§ Task directions
From the listing below, copy only the lines from the line that contains "Volkswagen Golf Seat" to the line that contains "White Vanity Desk with Drawers and Storage", counting those two lines as part of the copy.
(Listed entries Opens)
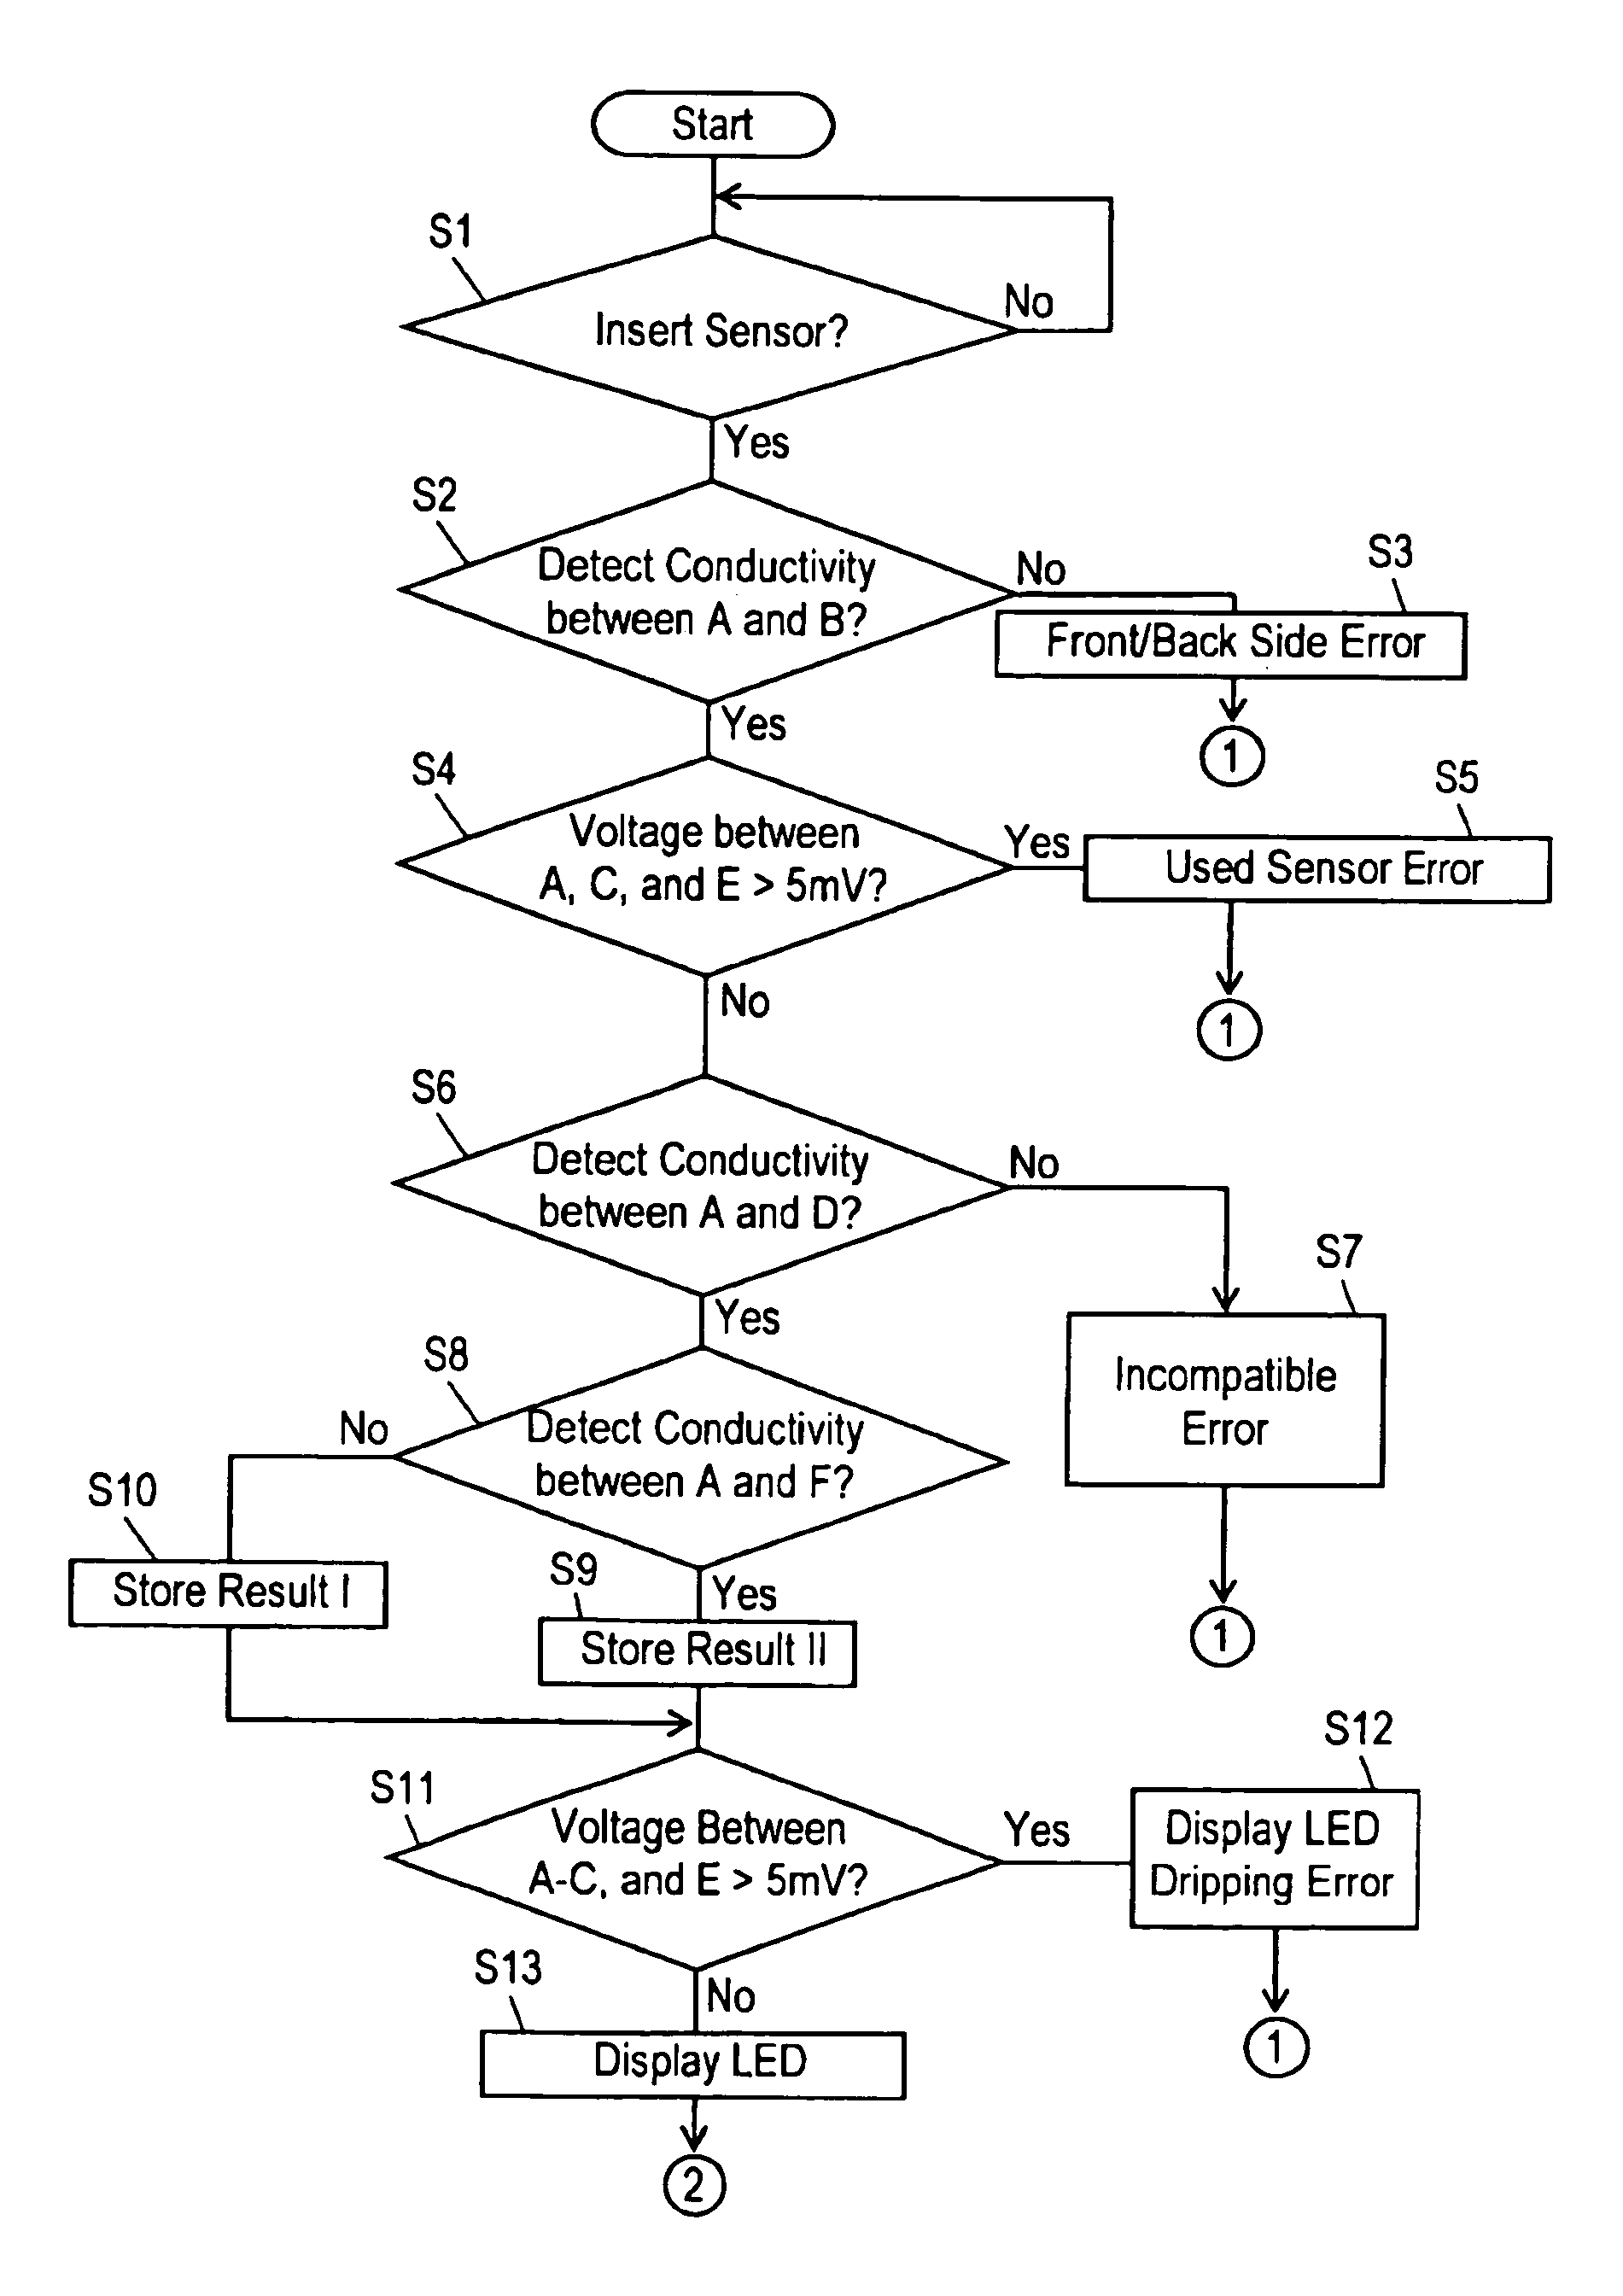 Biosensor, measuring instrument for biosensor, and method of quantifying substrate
(Listed entries Closes)
(Listed entries Opens)
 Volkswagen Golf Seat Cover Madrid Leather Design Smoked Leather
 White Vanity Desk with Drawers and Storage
(Listed entries Closes)
§ Problem solution
 Volkswagen Golf Seat Cover Madrid Leather Design Smoked Leather
 White Vanity Desk with Drawers and Storage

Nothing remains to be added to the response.